Aún no estaba seguro de cómo utilizaría la información que recogiese pero sabía que acabaría usándola. Conocer las costumbres de alguien y las personas con las que se relaciona es como conocer las puertas y ventanas de una casa, uno acaba viendo la forma de entrar. Porque, vamos a ver, ¿qué iba a hacer cuando verificase la auténtica identidad de Fredrik? ¿Capturarle y llevarle ante un tribunal acusándole de crímenes horribles, impensables en un ser humano? Ese tiempo había pasado, ya no se juzgaba a nazis ancianos. Como mucho, se esperaba que muriesen y que con ellos muriese el problema de tener que extraditarlos, juzgarlos, encarcelarlos y remover una vez más tanta mierda negra y apestosa.

Y pensé, contemplando las estrellas, que aunque viejos y en las últimas aquí estábamos todavía Fredrik y yo, y que podíamos levantar la cabeza y admirar su hermosa luz.

Y pensé que aún se podría conseguir que a ese cerdo le temblaran las piernas y que yo pudiera morirme con la conciencia tranquila por el deber cumplido.
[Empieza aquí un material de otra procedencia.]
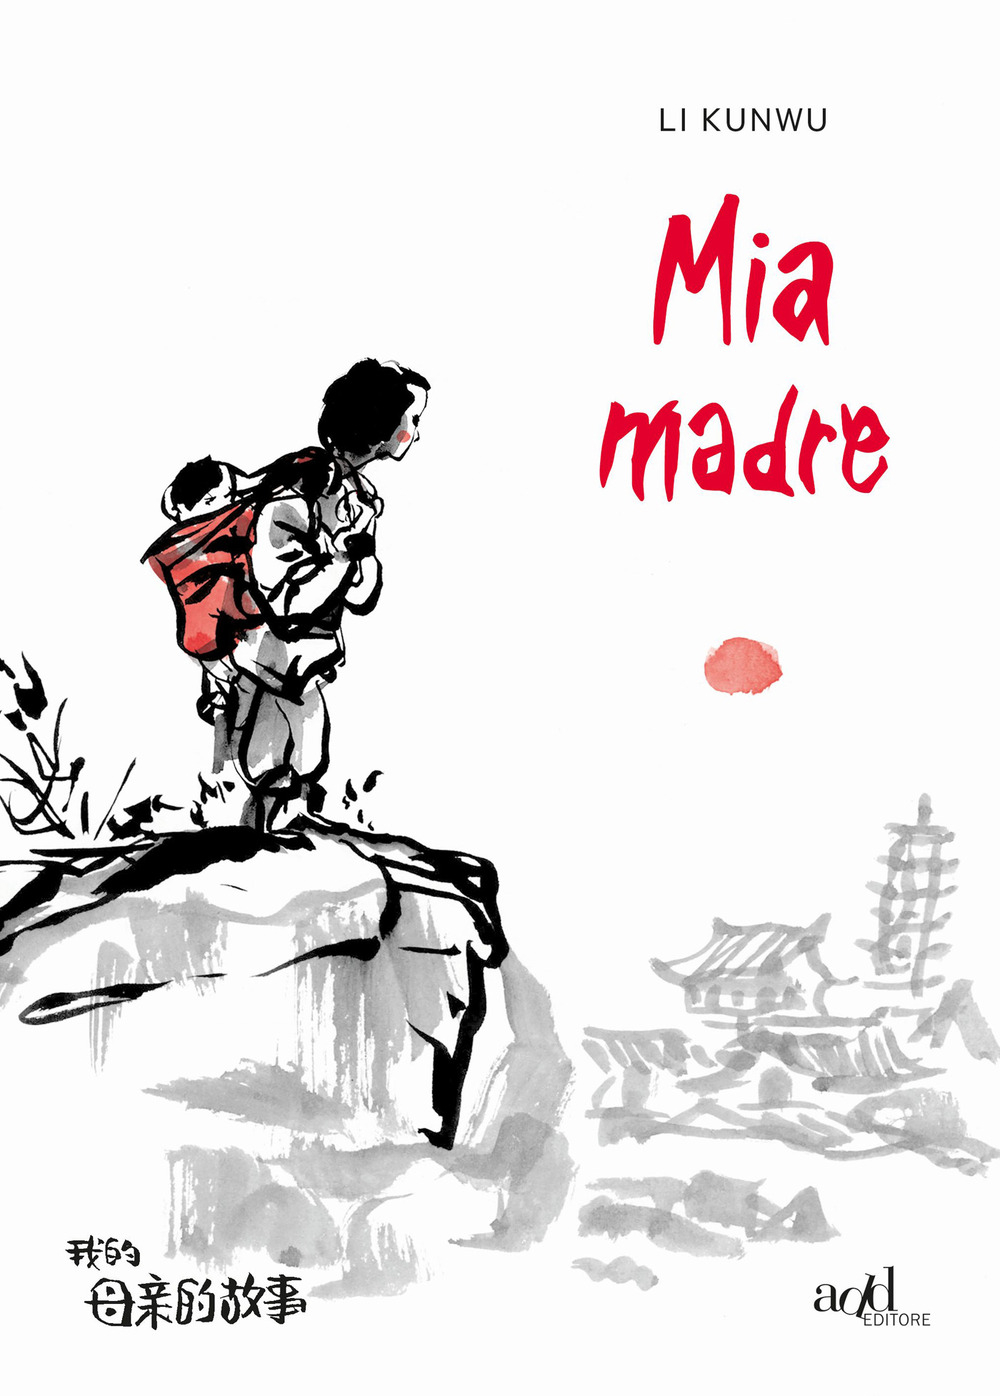 Libri Kunwu Li - Mia Madre NUOVO SIGILLATO, EDIZIONE DEL 11/11/2020 SUBITO DISPONIBILE

Ya sé que Raquel me preguntaría que a quién quería engañar, diría que lo hacía por puro placer y satisfacción míos, y puede que tuviese razón, pero qué más daba el nombre que se le diese a lo que yo sentía.

2. La chica del pelo rojo

Sandra

Así, la playa era muy cómoda. Fredrik de vez en cuando nos traía un helado, un refresco, la sombra de sus anchos y huesudos hombros caía sobre nosotras. A Karin le gustaba hablar de Noruega, de la casa tan bonita que tenían en un fiordo y que en tiempos fue una granja. Ya no iban allí por el clima, la humedad se les metía en los huesos. Pero echaba de menos la nieve, el aire puro de la nieve azulada. Karin no era esquelética como su mando. Debía de haber sido delgada en su juventud y gorda en la madurez, ahora era una mezcla de ambas cosas, una mezcla deformada. Miraba con esa expresión tan difícil, entre amigable y desconfiada, que no se sabía qué pensaba realmente. O mejor dicho, lo que decía debía de ser una milésima parte de lo que pensaba, como toda la gente de edad que ha vivido mucho para al final acabar disfrutando de las pequeñas cosas. No era raro que Karin llevase en su cesta de paja alguna novela con un hombre y una mujer besándose en la portada. Le gustaban mucho las historias románticas y a veces me contaba alguna que se desarrollaba entre el jefe y la secretaria o entre un profesor y la alumna o entre el médico y la enfermera o entre dos que se habían conocido en un bar. Ninguna se parecía a la mía con Santi.

Era muy agradable dejarme llevar. Paseaba por la orilla, de la sombrilla de la pareja de noruegos al saliente de piedras, y del saliente de piedras a la sombrilla. No volví a vomitar, teníamos toda el agua fresca que queríamos en la nevera portátil, una nevera muy buena que no existía en el mercado español. Casi ninguna de las cosas que usaban eran de aquí, salvo los pareos de ella, comprados en algún tenderete de la playa.